Supported version control service providers: Cloudera currently supports the following version control service providers:
  • GitHub
  • GitLab
  • Bitbucket
To use a non-public Git repository, you must first create repository credentials using a workload secret for Cloudera Data Engineering using the CDE CLI as follows:

cde credential create --type basic --username myuser --name my-credential

The command above prompts you for a password where you can either provide your Personal Access Token (PAT) or provide a password for your Git repository account, for example, Github.
Limitations
When you create a Git repository in Cloudera Data Engineering, consider the following limitations:
  • Repository creation delay: Currently, during the repository creation, a prolonged loading screen is displayed due to a synchronous sync call.
  • Incorrect sync status: The sync status shown is active, even if the syncronization is still in progress.
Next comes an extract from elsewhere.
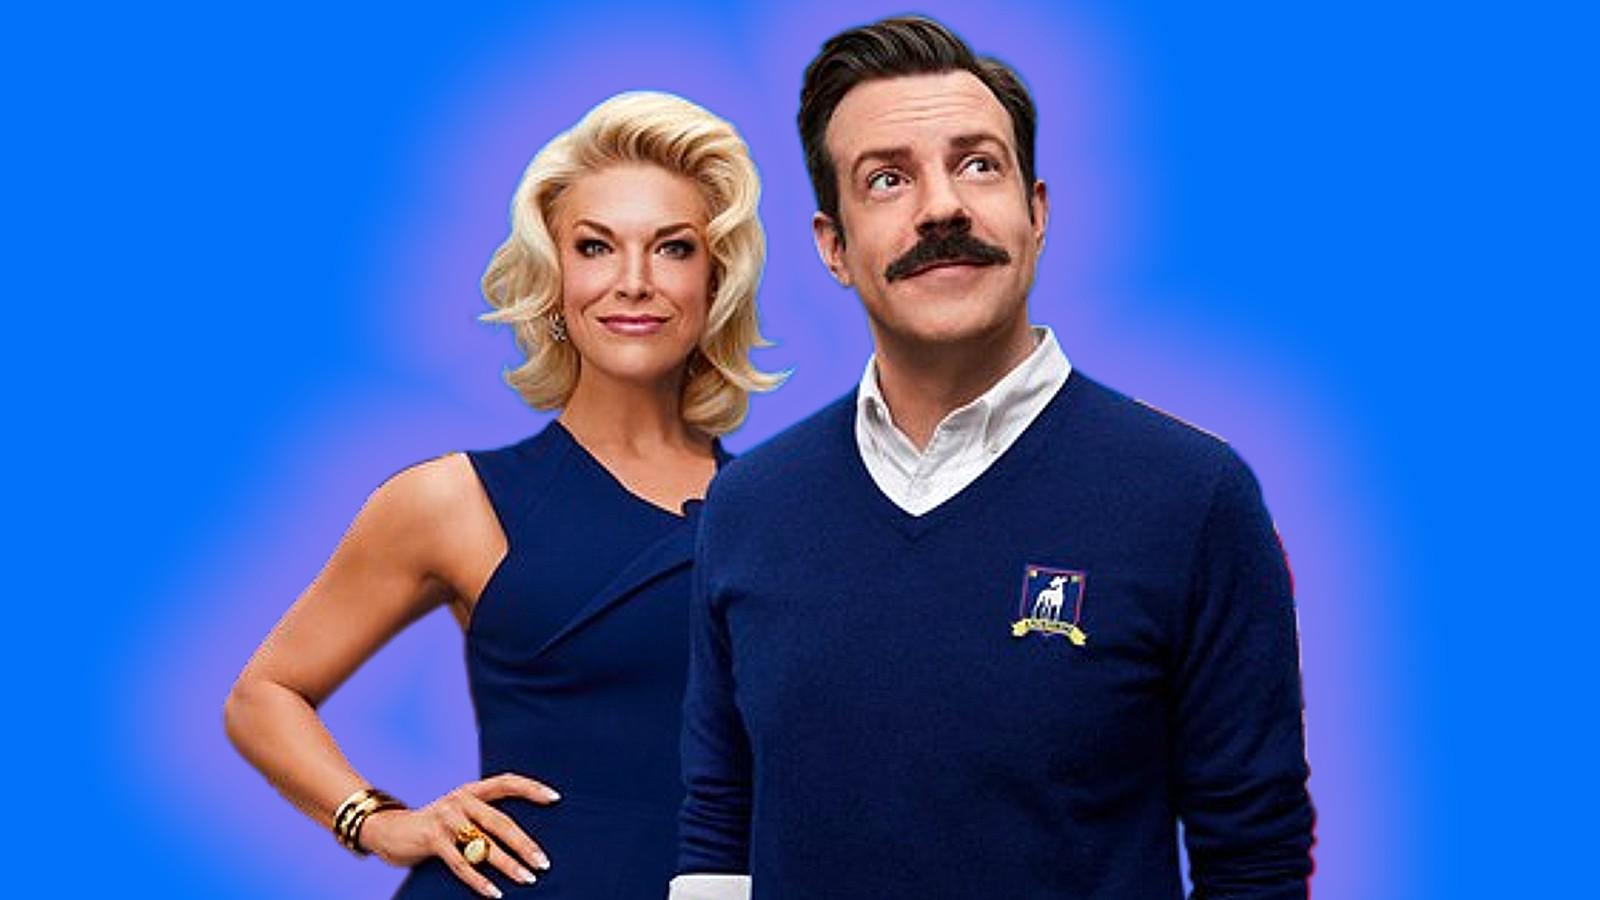 Ted and Rebecca on the Ted Lasso poster

Git hash and file updates for large repositories are delayed even after a sync successful message.
  • Search scope limitation: The current repository search is not recursive and it only operates within the current folder.
Size limitations
  • The maximum size for an individual file is 100MB, which is enforced by GitHub.
  • Cloudera recommends the following:
    • Store up to 1000 files in a folder.
    • Store a maximum of 10 000 files in a repository.
    • Keep the total repository size below 1GB.
  1. In the Cloudera console, click the Data Engineering tile. The Home page displays.
  2. Click Repositories in the left navigation menu.The Repositories page displays.
  3. Click Create Repository. The Create A Repository dialog box displays. Enter the following fields for the repository:
    1. Repository Name - Enter a name for the repository.
    2. URL - Enter the repository URL (https only).
    3. Branch - Enter the name of the git branch.
    4. Select a credential from the Select Credential drop-down list. The credentials can be created using the Cloudera Data Engineering CLI.
    5. Select Skip TLS. Select this option if the server uses a self-signed CA certificate that Cloudera Data Engineering does not trust. This allows Cloudera Data Engineering to skip the security check and clone the repository.
  4. Click Create.